The non-aqueous electrolyte secondary battery according to claim 1, wherein the non-aqueous electrolyte secondary battery is made of a carbon material having a thickness of 335 to 0.34 nm. 5. A graphite-based negative electrode capable of inserting and extracting lithium has a lattice plane (002 plane) having a d-value of 0.1 in X-ray diffraction.

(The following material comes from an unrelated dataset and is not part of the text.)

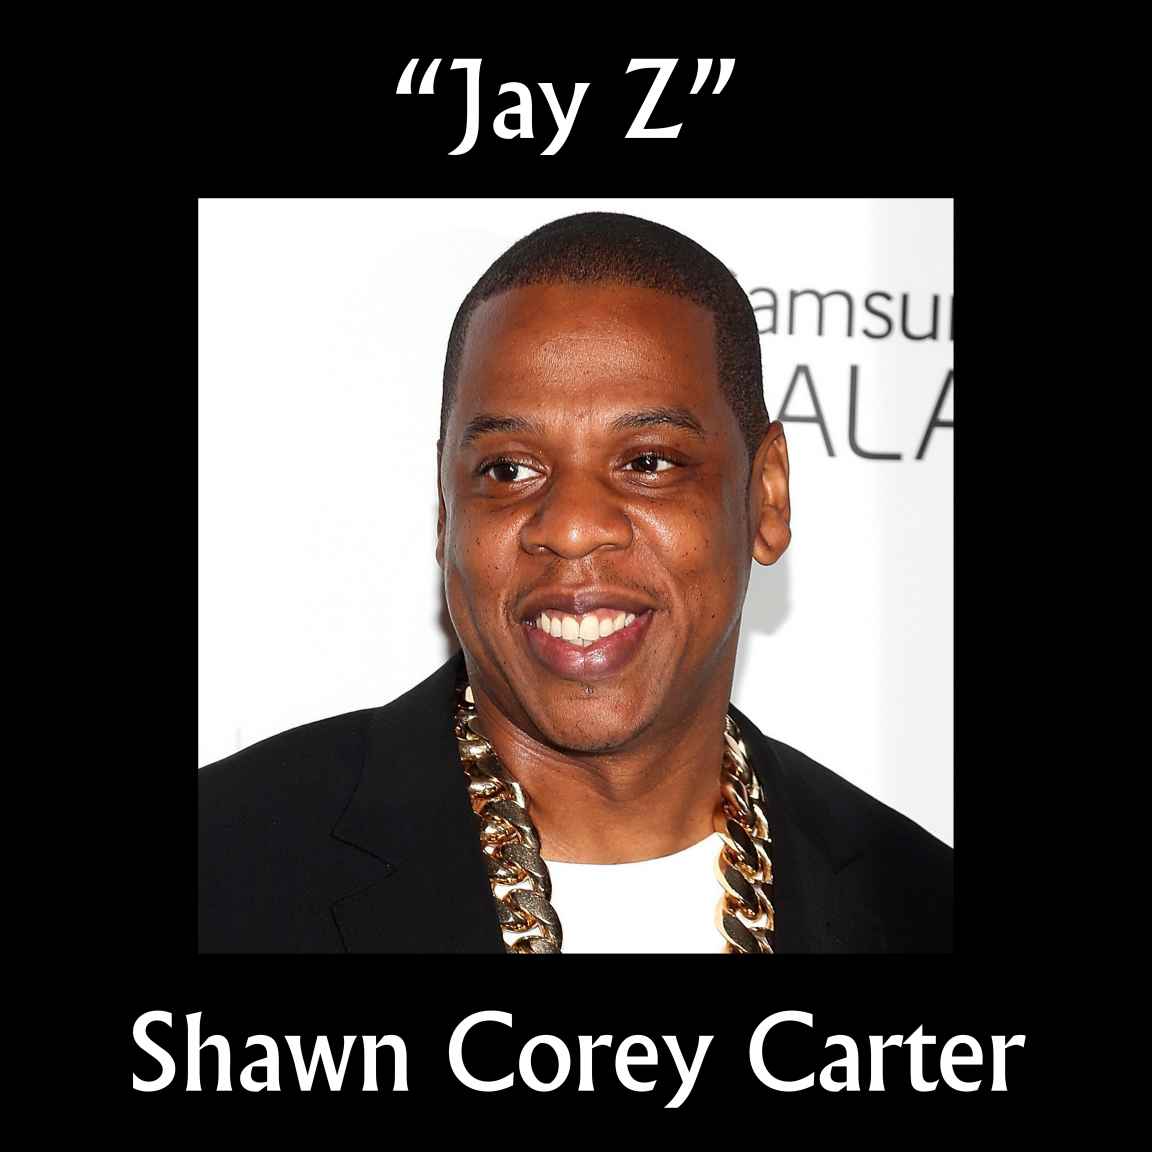 25 of Your Favorite Celebrities Given Names!
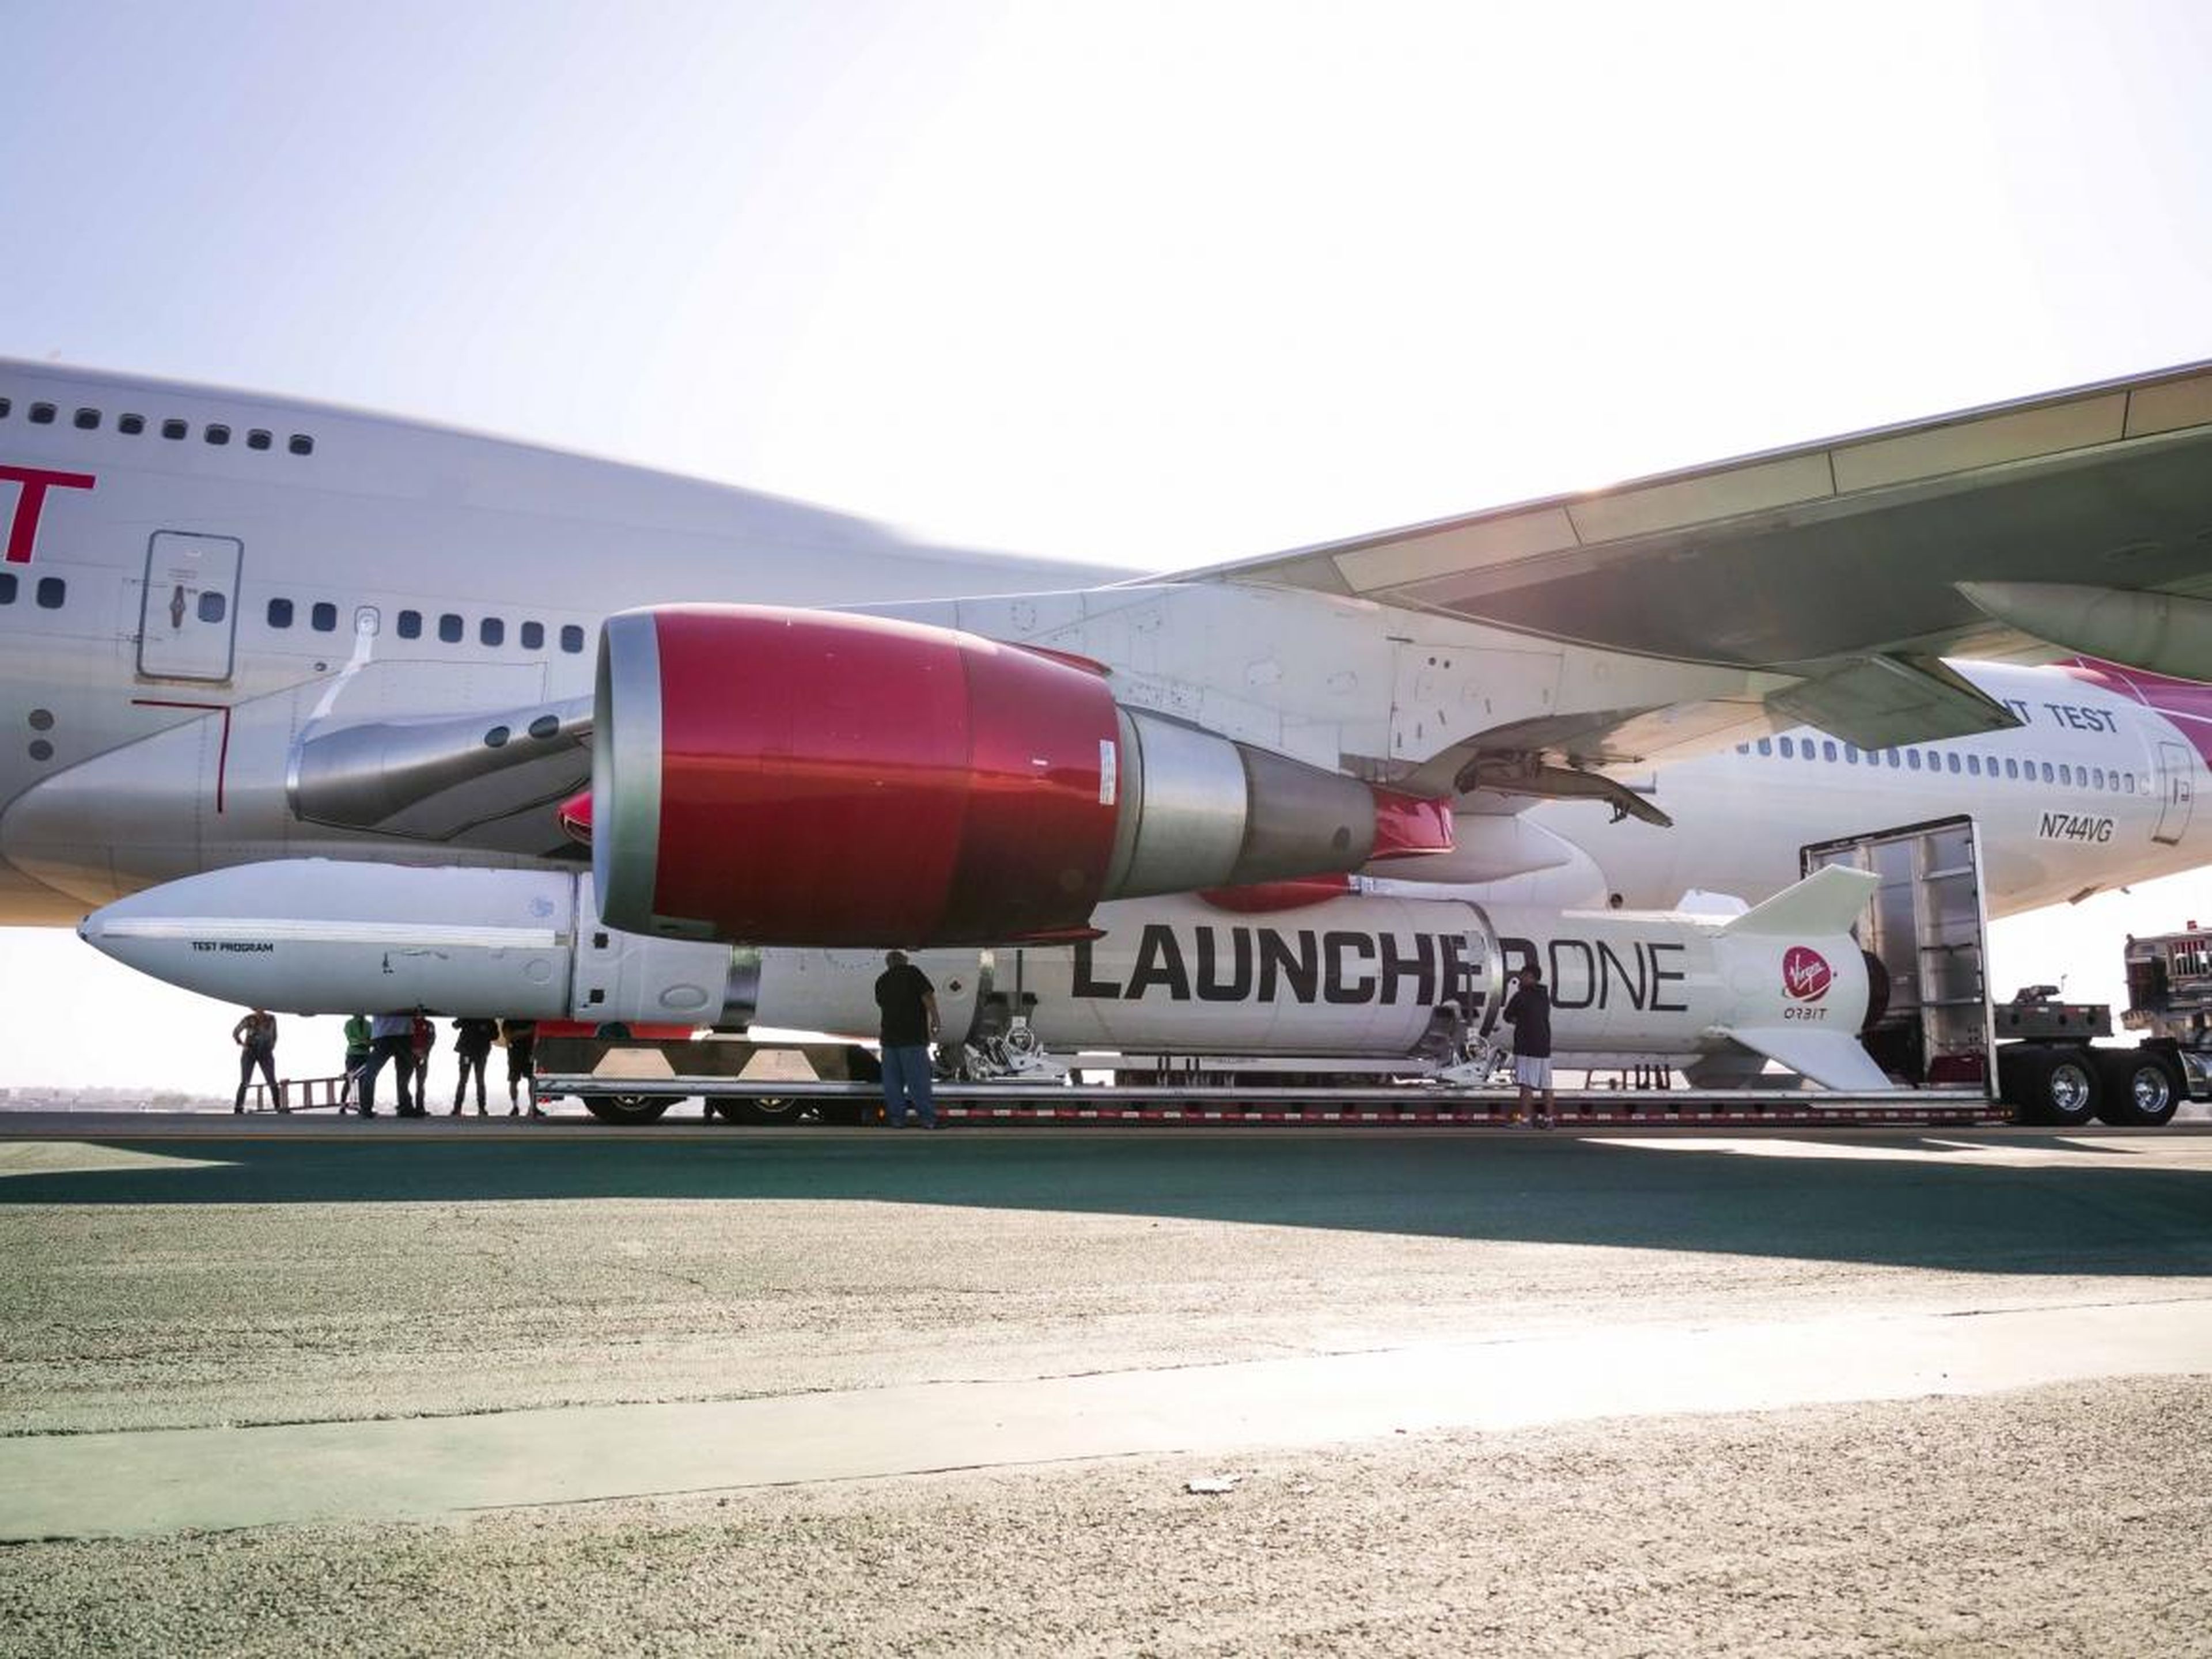 So Virgin Orbit has been busy designing, building, and testing LauncherOne's and Cosmic Girl's systems near Long Beach, California, and at the Mojave Air and Space Port.

The non-aqueous electrolyte secondary battery according to claim 1, wherein the non-aqueous electrolyte secondary battery is made of a carbon material having a thickness of 335 to 0.337 nm. 6. The non-aqueous electrolyte secondary battery according to claim 1, wherein the positive electrode capable of inserting and extracting lithium is made of a lithium transition metal composite oxide material. 7. The method according to claim 1, wherein the solute is LiClO ₄ , LiPF ₆ , L
Inorganic lithium salt selected from iBF ₄ or LiCF ₃
SO ₃ , LiN (CF ₃ SO ₂ ) ₂ , LiN (CF ₃
CF ₂ SO ₂ ) ₂ , LiN (CF ₃ SO ₂ ) (C ₄ F _9
2. The non-aqueous electrolyte secondary battery according to claim 1, which is an organic lithium salt selected from SO ₂ ) and LiC (CF ₃ SO ₂ ) _{3. 3} . 8. The content of ethylene sulfite in the organic solvent is 0.05 vol% to 60 vol%, and the content of propylene carbonate is 99.95 to 40 vol.
The non-aqueous electrolyte secondary battery according to claim 1, wherein the amount is 1%. 9. The solute concentration in the non-aqueous electrolytic solution is from 0.5 to
2. The composition according to claim 1, wherein the amount is 2.0 mol / liter.
The non-aqueous electrolyte secondary battery according to 1.